The Securities and Exchange Commission is looking for disclosures about changes in internal control over financial reporting not just in annual filings, but in quarterly filings as well.

 

Staff of the SEC told accountants at a national conference of the American Institute of Certified Public Accountants last week that they don't see as much quarterly disclosure regarding changes to internal controls as they'd expect, especially in the current economic environment where companies may be cutting staff and making other changes to try to improve efficiency.

 

Angela Crane, associate chief accountant at the SEC, said the staff is a little puzzled when companies report in one year that they have a material weakness in internal controls, then report in the next that controls are effective. “It's important to make an assessment each quarter as to whether the changes made to address a material weakness should be disclosed,” she said. “This should result in disclosures about material changes in a quarter some time prior to the ultimate conclusion that there's no longer a material weakness, depending on when the actual changes in to internal control occurred.”

 

Crane suggested some specific improvements some companies could make to their disclosures around material weaknesses and internal controls. For example, when companies report they have material weaknesses, the staff will be looking for an explanation. “The disclosures of material weaknesses are designed to provide investors with information as to the reasons behind material weaknesses,” she said. “Not all material weaknesses will be viewed equally by investors. Some can have a more pervasive impact on financial statements and others may not. We expect clear disclosures in this regard.”

 

Companies should be careful not to confuse the reporting of errors with the reporting of weaknesses, she said. The staff has seen a number of instances where companies report they had a material weakness because they made an error in their financial statements, describing the error itself as the weakness. “The error is the result of the weakness, but this is not the weakness in ICFR,” she said. “They should address the underlying weakness in controls” that caused the error.

 

Companies also can expect the staff to question whether there are weaknesses in internal control even if there are no errors in the financial statements.
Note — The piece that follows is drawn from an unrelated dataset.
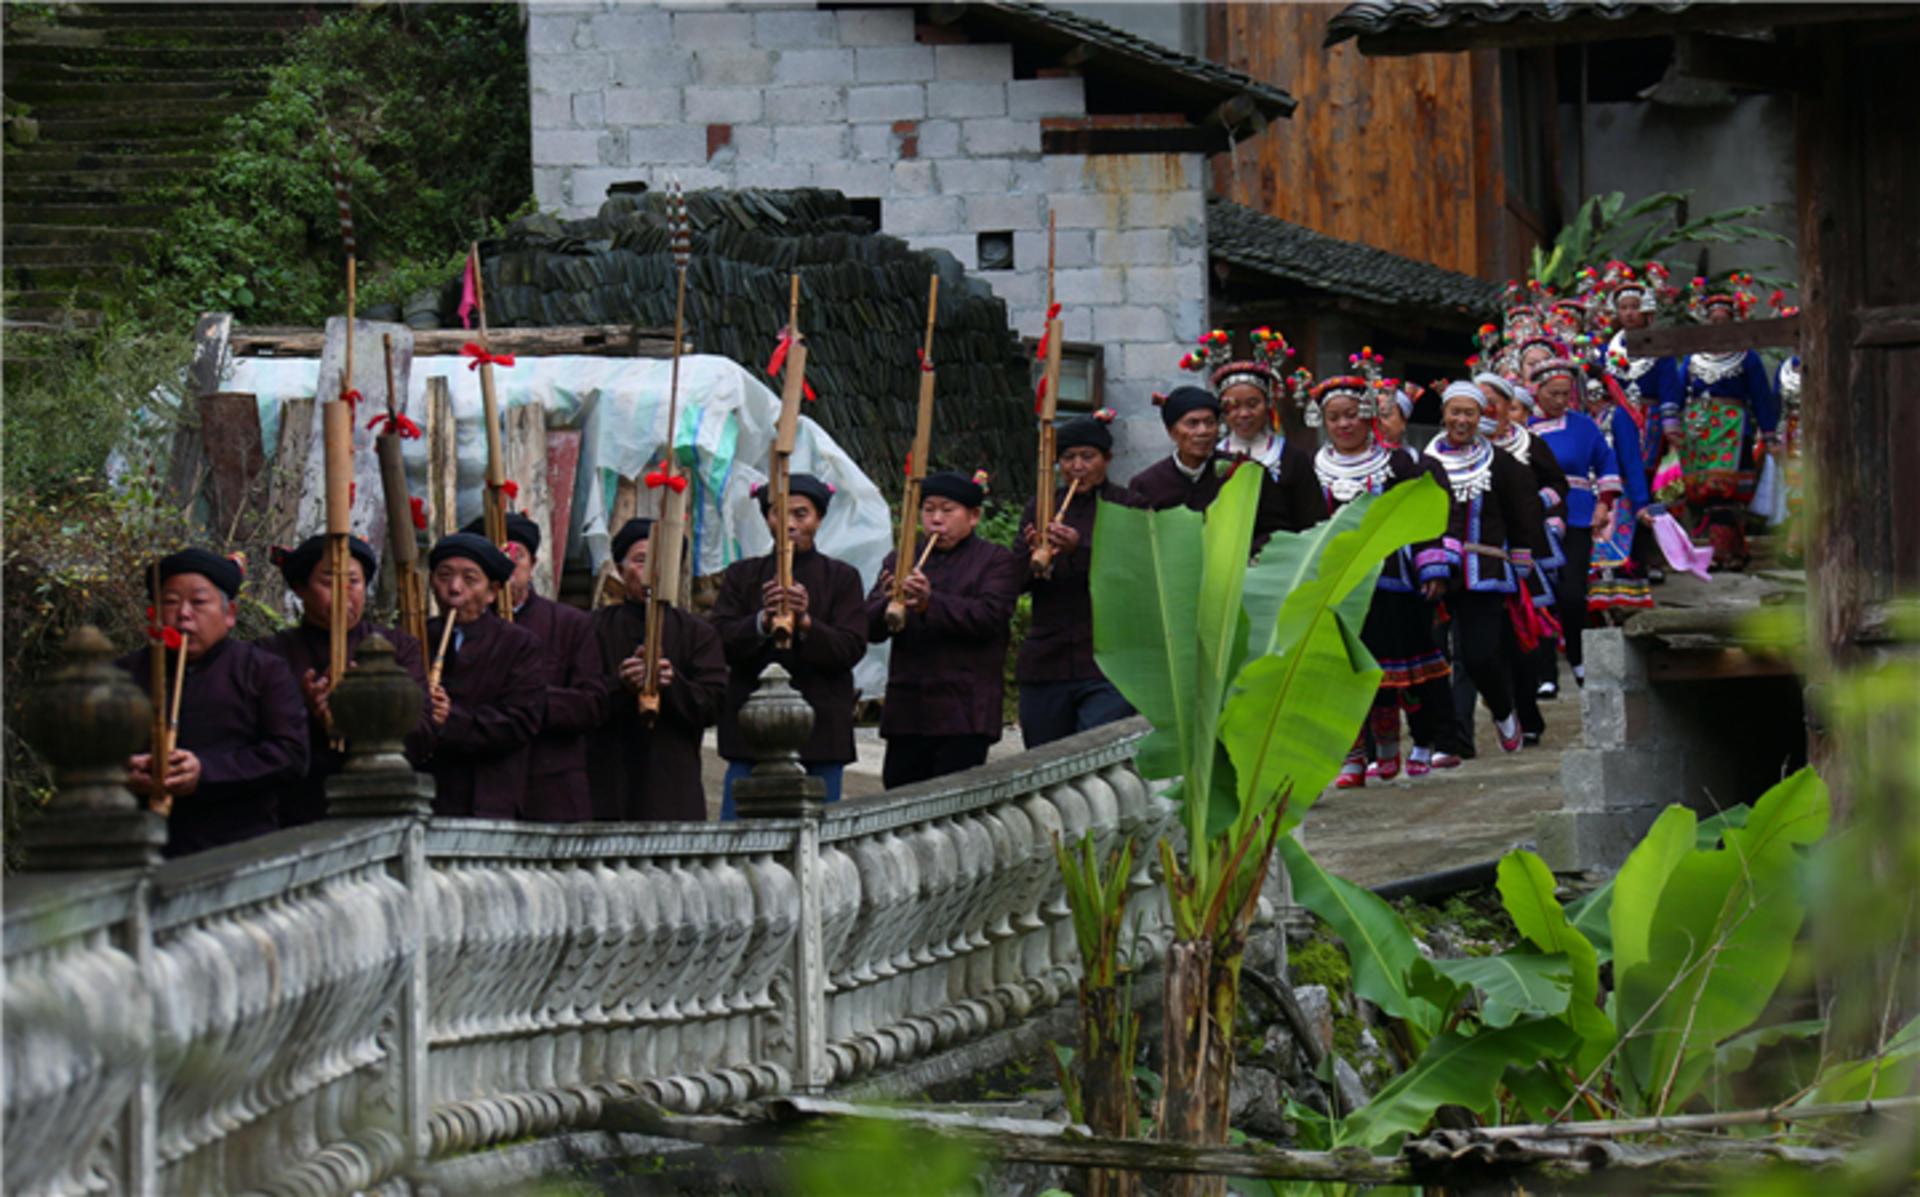 侗族同胞在吹芦笙踩堂

That's because the evaluation of the severity of a deficiency in internal controls is based on both likelihood and magnitude considerations, said Craig Olinger, deputy chief accountant at the SEC.

 

“It only needs to be reasonably possible that a material misstatement could occur without being prevented or detected timely” to conclude there could be a material weakness in internal control, he explained. Olinger said companies may also correct errors in financial statements without reporting control problems, but the staff will have plenty of questions about how that could be, he said. Likewise, the staff will also ask questions if a company reports ineffective control, but doesn't flag a problem with disclosure controls and procedures. The definitions are different, Olinger said, so the scenario is possible, but the staff will examine it closely.

 

Finally, he advised smaller companies to take a careful look at the classifications for a “smaller reporting company” and “nonaccelerated filer” and be careful about how they may apply to their internal control reporting requirements. It's possible for companies to move in or out of one or the other classification during a reporting year, triggering a reporting requirement they may not have expected. “If you're in the gray zone, you should give this matter careful attention,” he said.